Attelabidae

Attelabidae View in CoL

With approximately 2 500 described species in 150 genera and a cosmopolitan distribution, the Attelabidae are another successful group of weevils. Like Anthribidae , they seem to have achieved their success in diversity also through association with fungi, their larvae developing on withering plant tissues that may be indirectly or directly infected with fungi. In contrast to anthribids, however, female attelabids prepare their oviposition site with their rostrum, which is further modified from the belid condition by the fusion of the gular sutures and the reduction of the ligula. The rostrum is used to variously sever the sap flow in a living plant organ (stem, leaf, bud, fruit) and cause it to wilt or drop off, with the larva feeding on the decaying tissues.

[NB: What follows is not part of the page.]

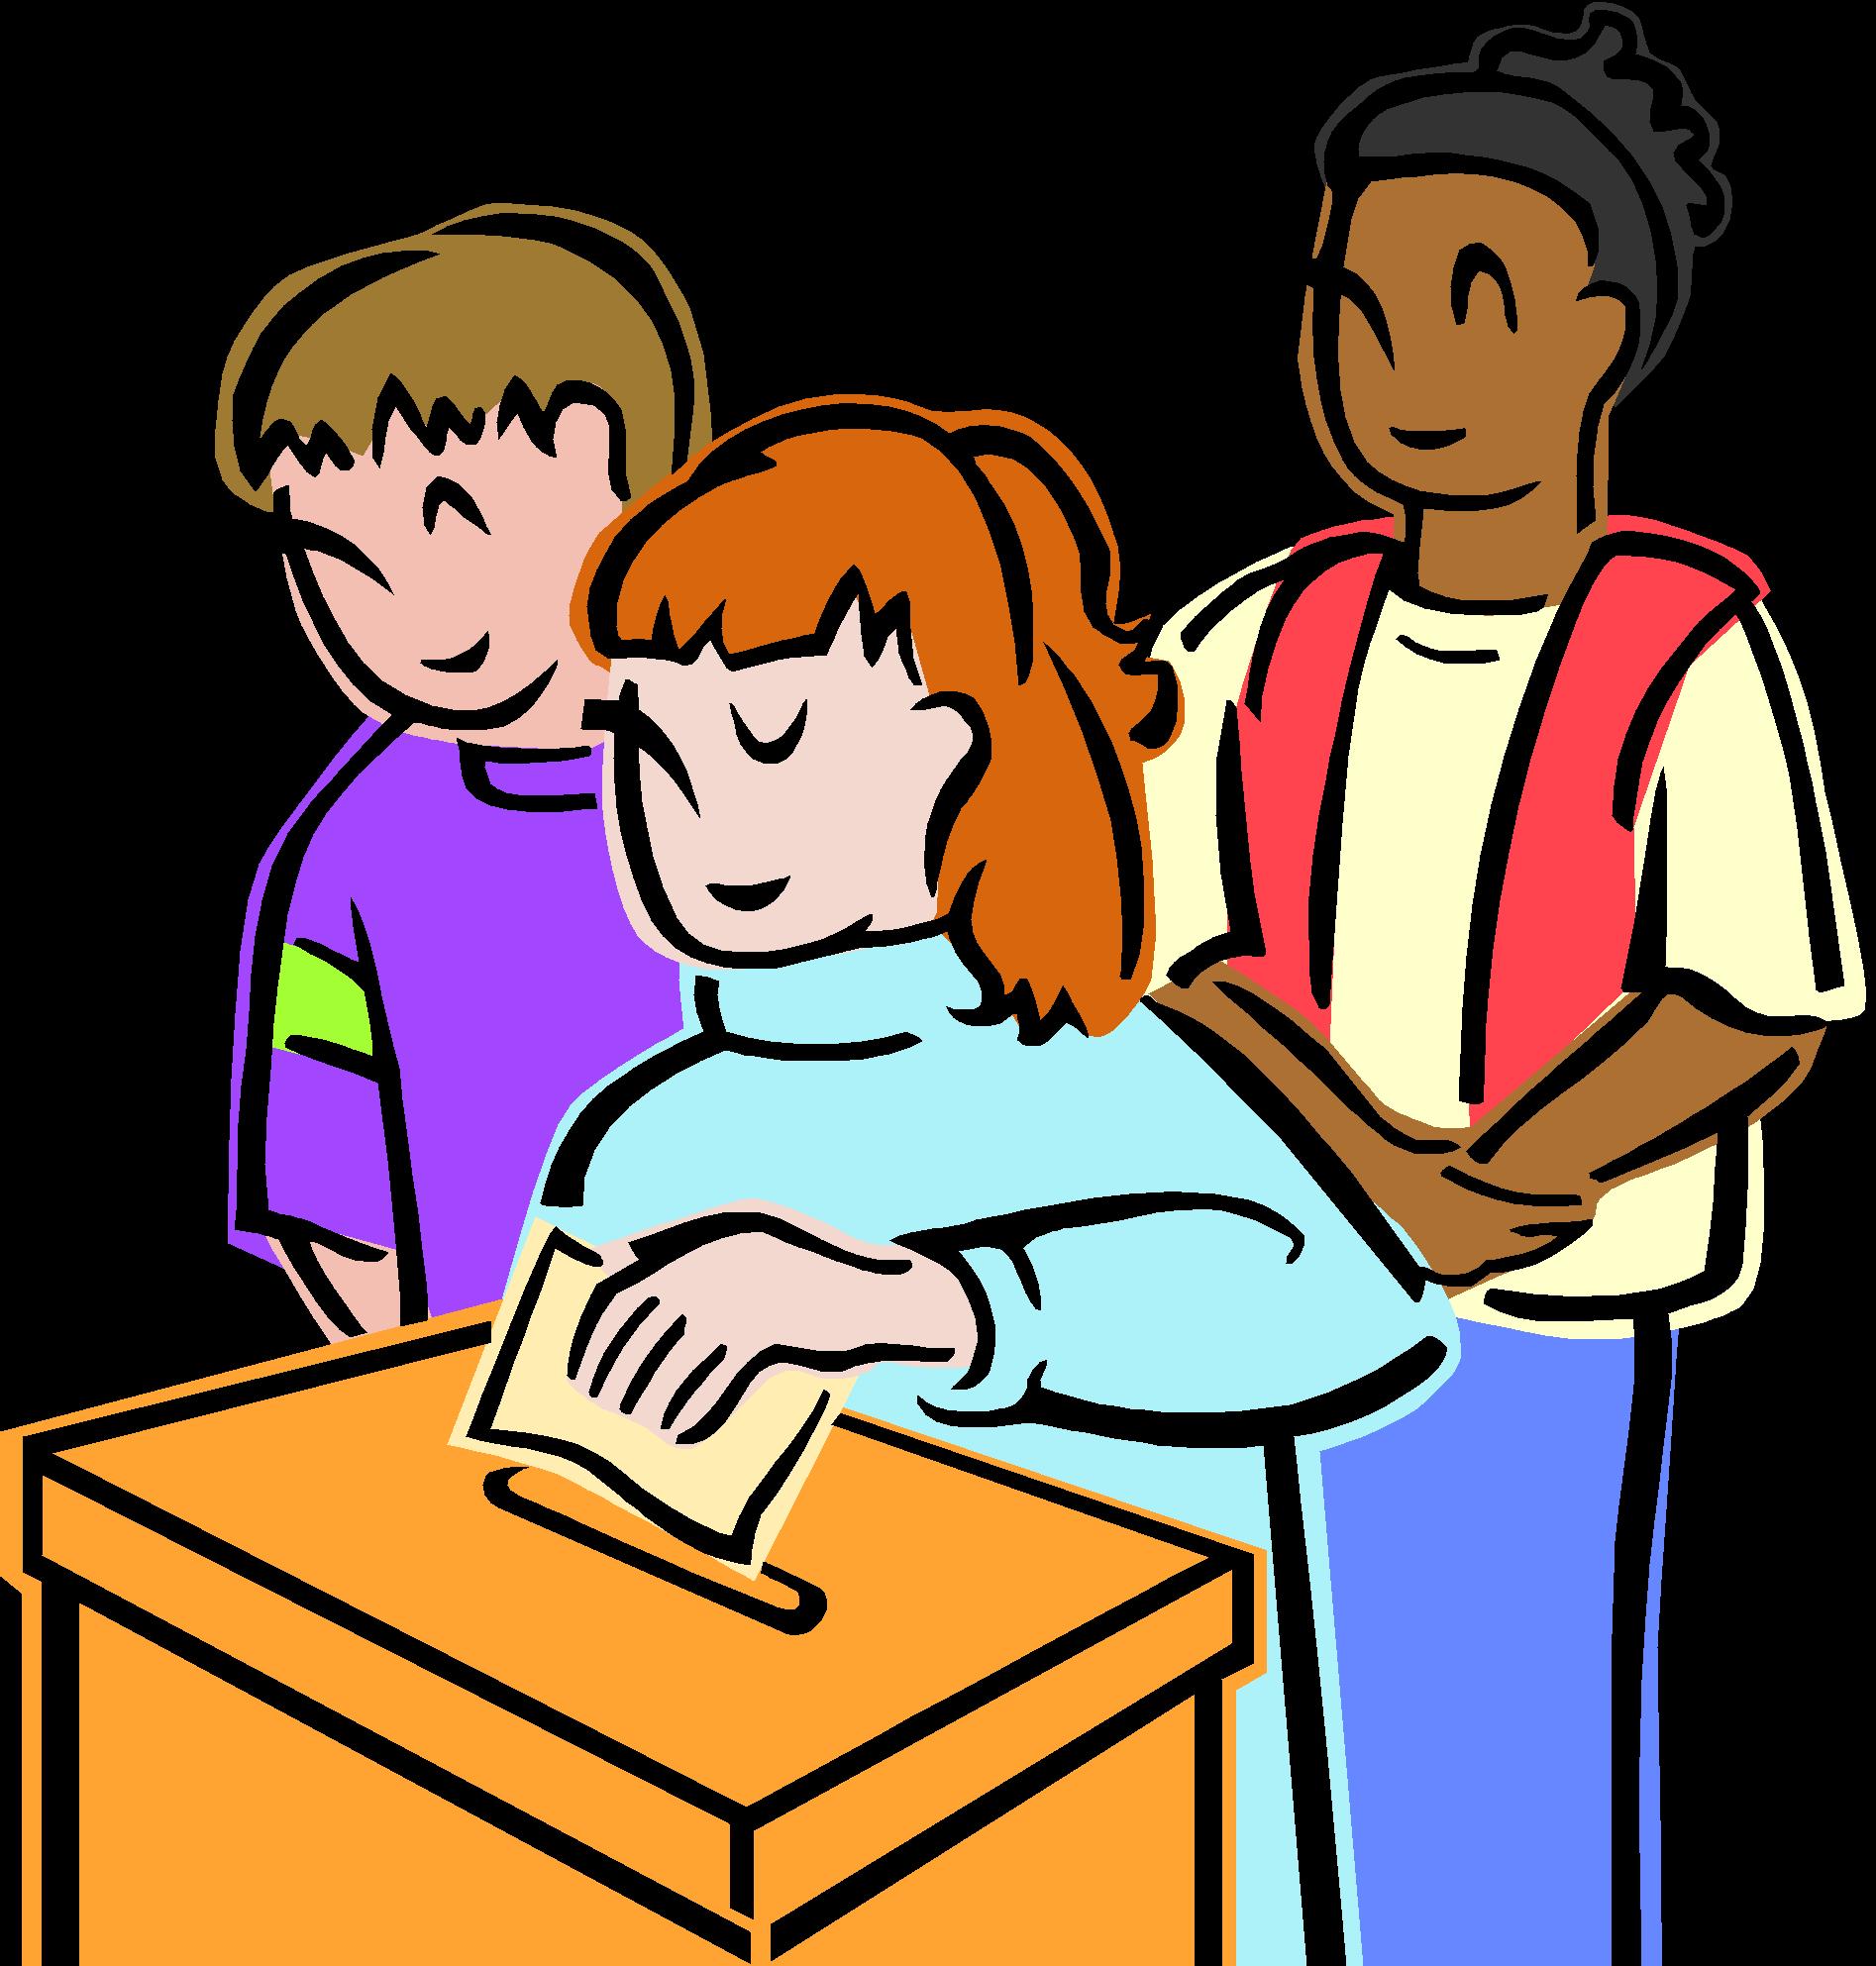 Voting clipart student. Elem educ

In advanced Attelabinae , females roll leaves into elaborate, cigar-like nidi (nests) in which they lay their eggs and which they can inoculate with fungal spores carried in special mycetangia next to their hind coxae (fig. 5). Attelabidae are predominantly associated with angiosperms, only a few primitive ones living on conifers ( Cupressaceae , Pinaceae ) but indicating these to probably constitute the ancestral hosts of the family.

The Attelabidae View in CoL generally comprise two subfamilies, Rhynchitinae and Attelabinae , with about equal numbers of described species. Though treated as separate families by some authors (e.g., Zimmerman 1994a, Legalov 2004, 2005), the two groups share several synapomorphic characters ( Thompson 1992, Kuschel 1995, Marvaldi & Morrone 2000) and together evidently constitute a monophyletic group. The Attelabinae are strongly indicated to be monophyletic as well, but the same cannot be said for the Rhynchitinae (defined only by the phylogenetically weak characters of appendiculate claws and exodont mandibles) and it remains to be demonstrated that they are not paraphyletic with respect to Attelabinae . Phylogenetic analyses of tribal relationships in both subfamilies were recently published by Legalov (2004, 2005), but they are based on numerous spurious characters of doubtful phylogenetic value and an unproven cladistic algorithm and require critical assessment. Presently therefore, phylogenetic relationships within Attelabidae View in CoL remain unresolved.